Он долго не мог заснуть. Стоило ему закрыть глаза, — и перед ним вставало, как обрезанное, пустое поле, зубчатая кайма леса насупротив, и над ней, в холодном воздухе, темная черточка... «Папа... Папа! Не улетал бы ты!»

Утром, немного успокоившись, Лодя самостоятельно сел на автобус МОИПа, доехал до города и к полдню добрался домой на Каменный.

Странно ему было теперь, очень странно.

Папа сделал, что мог. Майор Новиков обещал позвонить о Лоде через домовую контору, как только у него что-либо выяснится. На бронепоезд капитану Белобородову было отправлено длинное подробное письмо: папа не допускал мысли, чтобы такой человек, как Белобородов, мог отказать ему в этой просьбе, мог не взять временно мальчика к себе, если понадобится.

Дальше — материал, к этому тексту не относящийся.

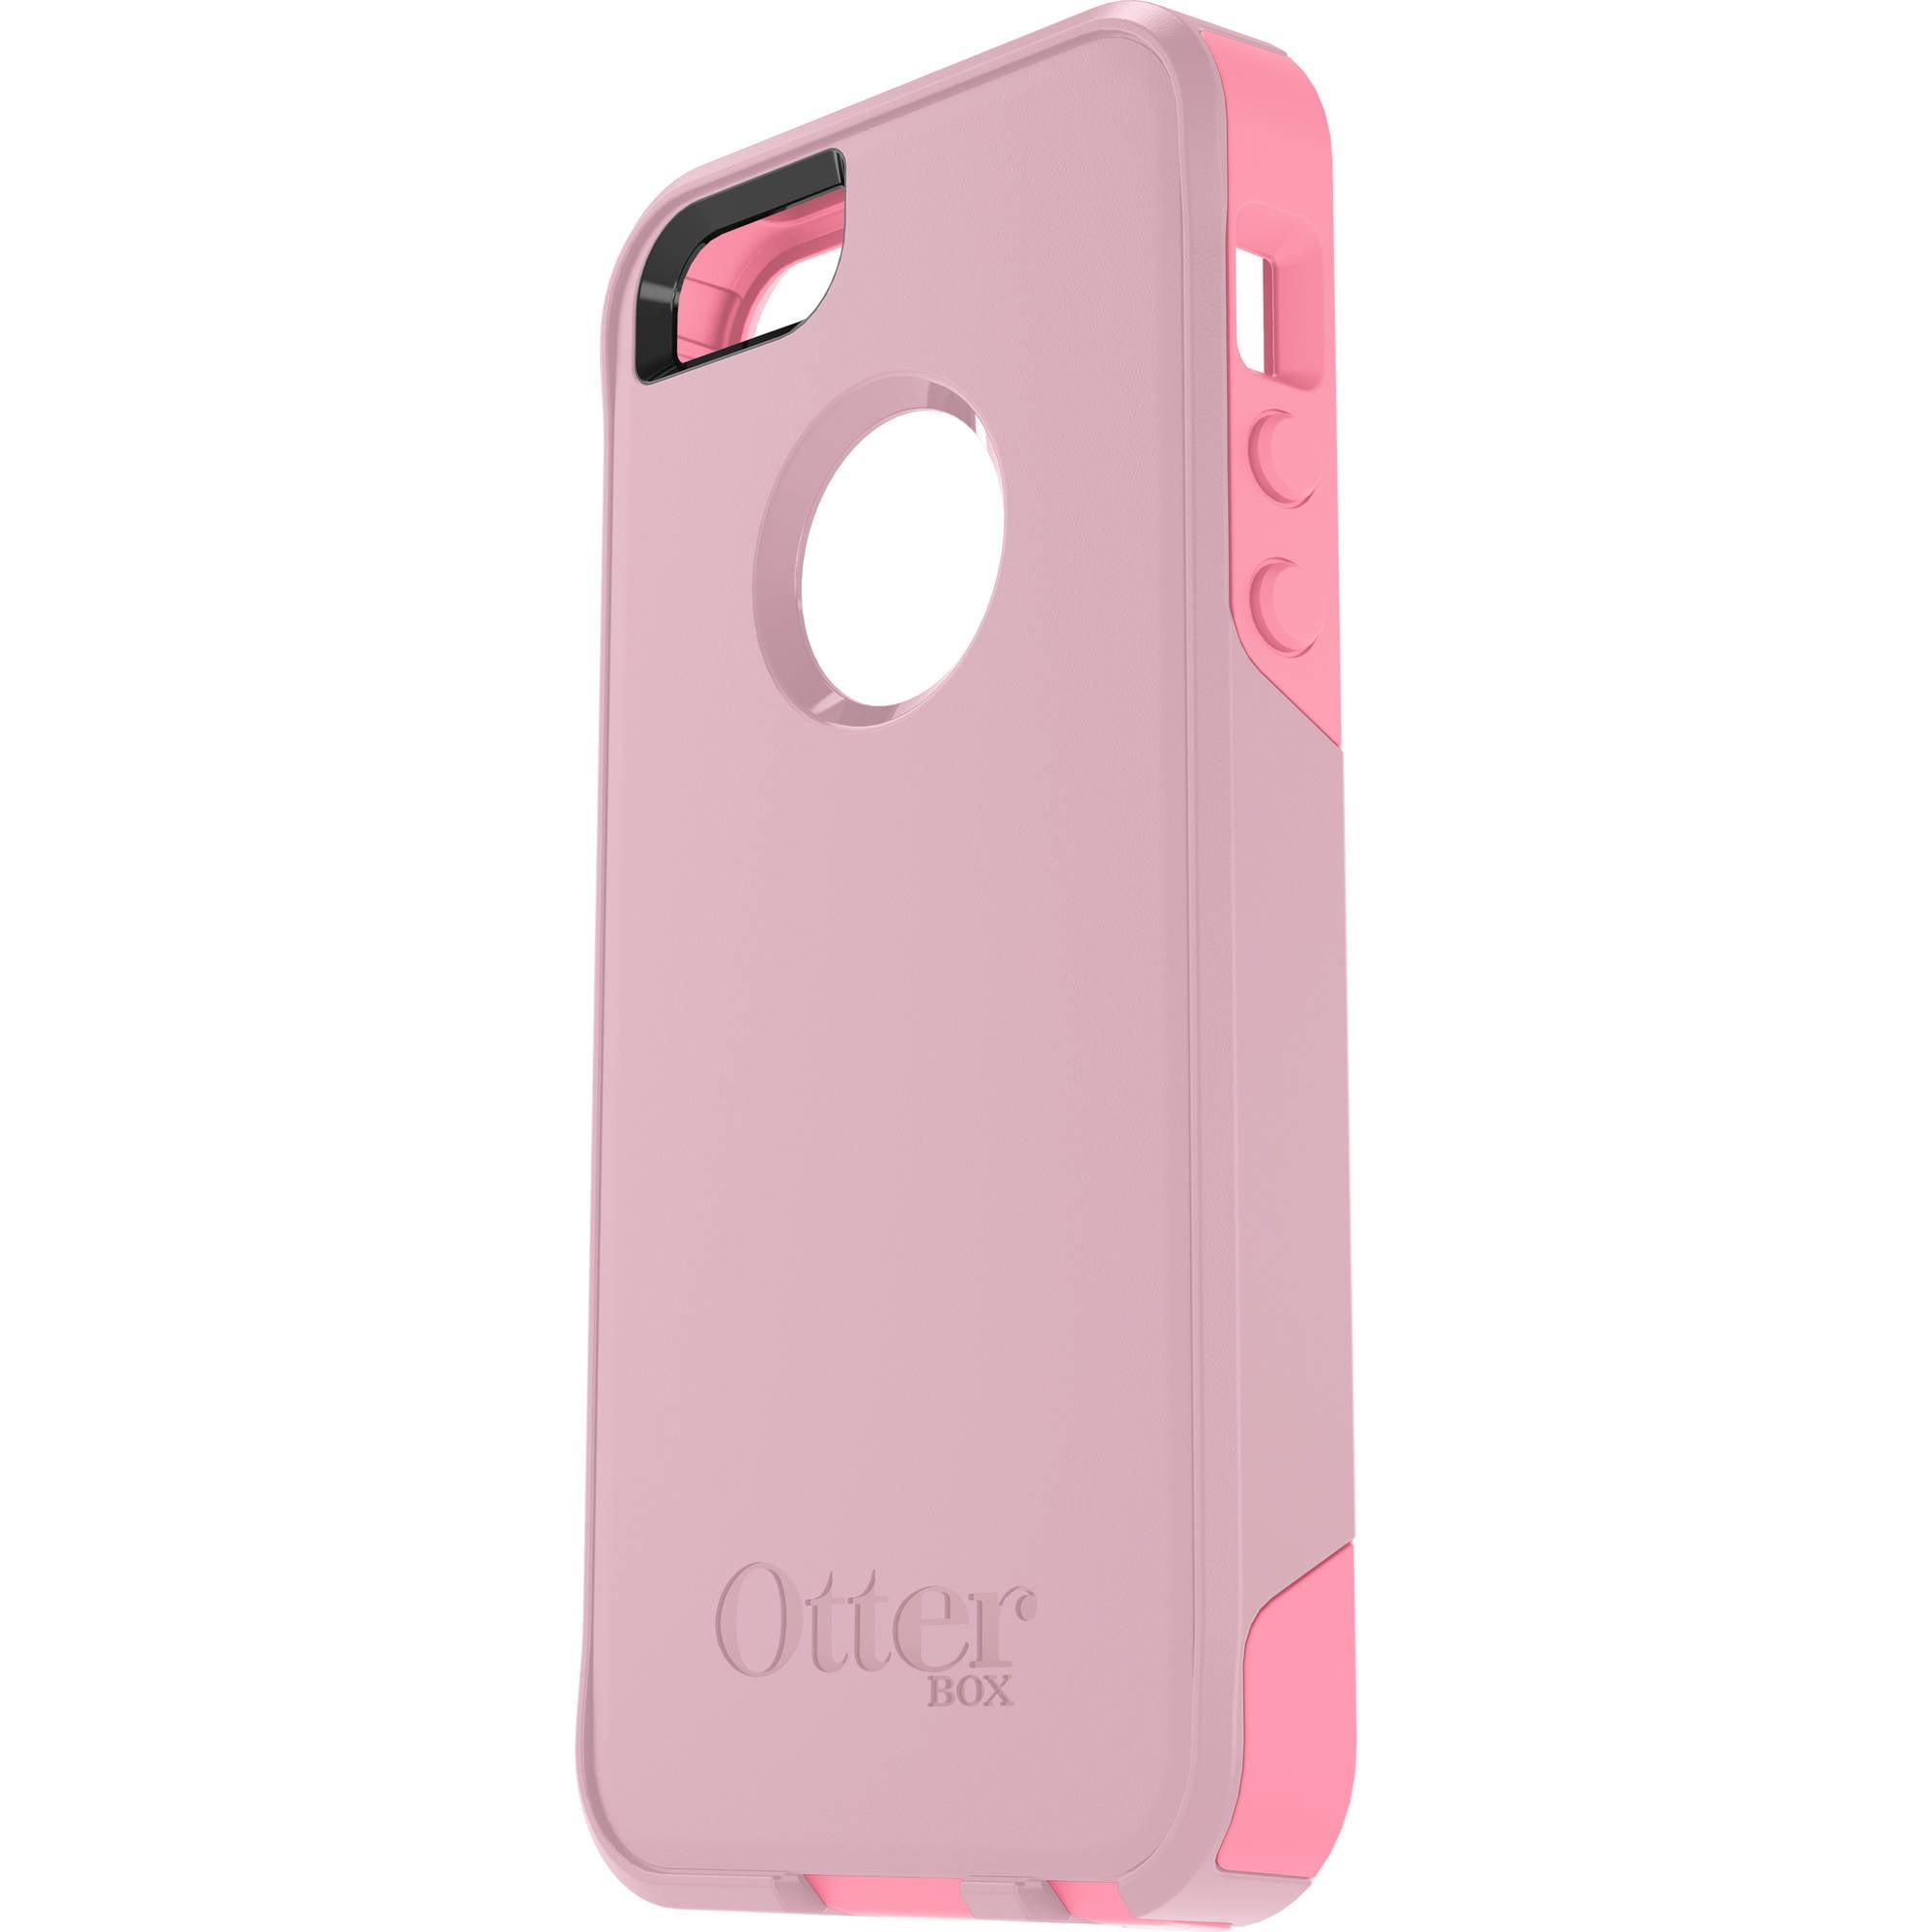 OtterBox Commuter Series Case for Apple iPhone 5/5S/SE - Walmart.com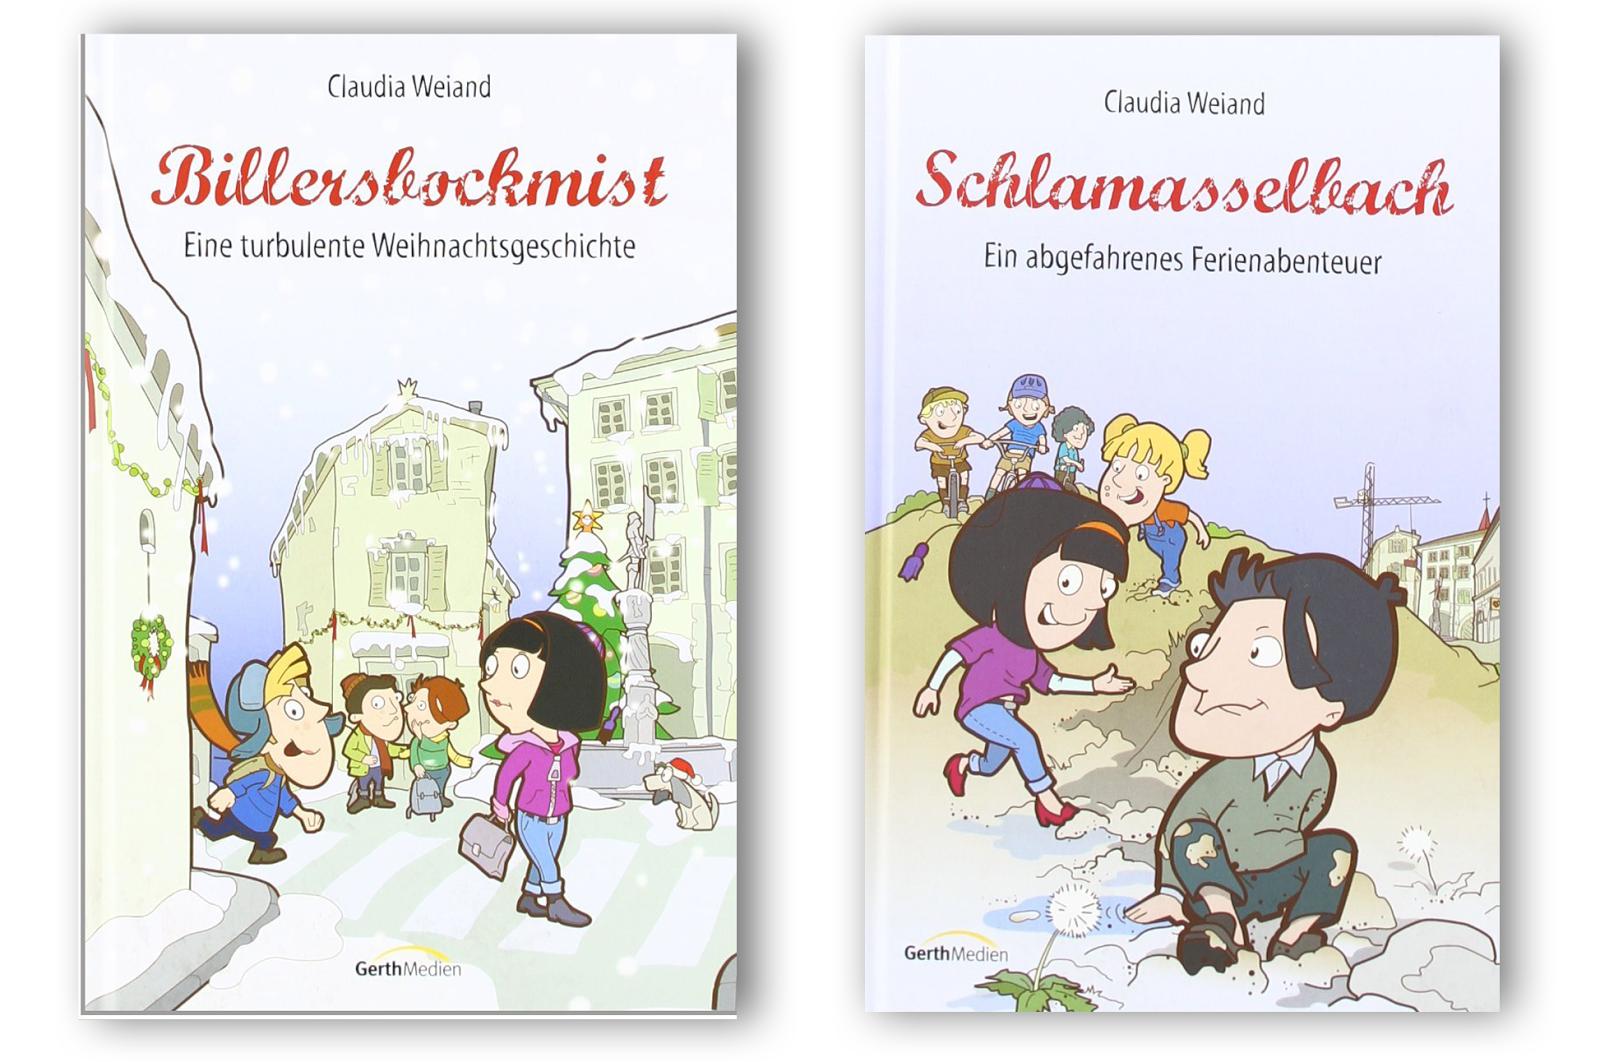 http://www.claudia-weiand.de/p/billersbockmist-schlamasselbach.html

Пока же, на то время, что Лодя должен был, сидя в Вересовской квартире, ждать звонков или прибытия посланных, верховная власть над ним была вручена папой тете Марусе Фофановой, матери Ланэ. Ей были переданы все права на обнаруженные в квартире запасы продуктов. Покачав головой, вздохнув, она взялась вести Лодино немудреное хозяйство.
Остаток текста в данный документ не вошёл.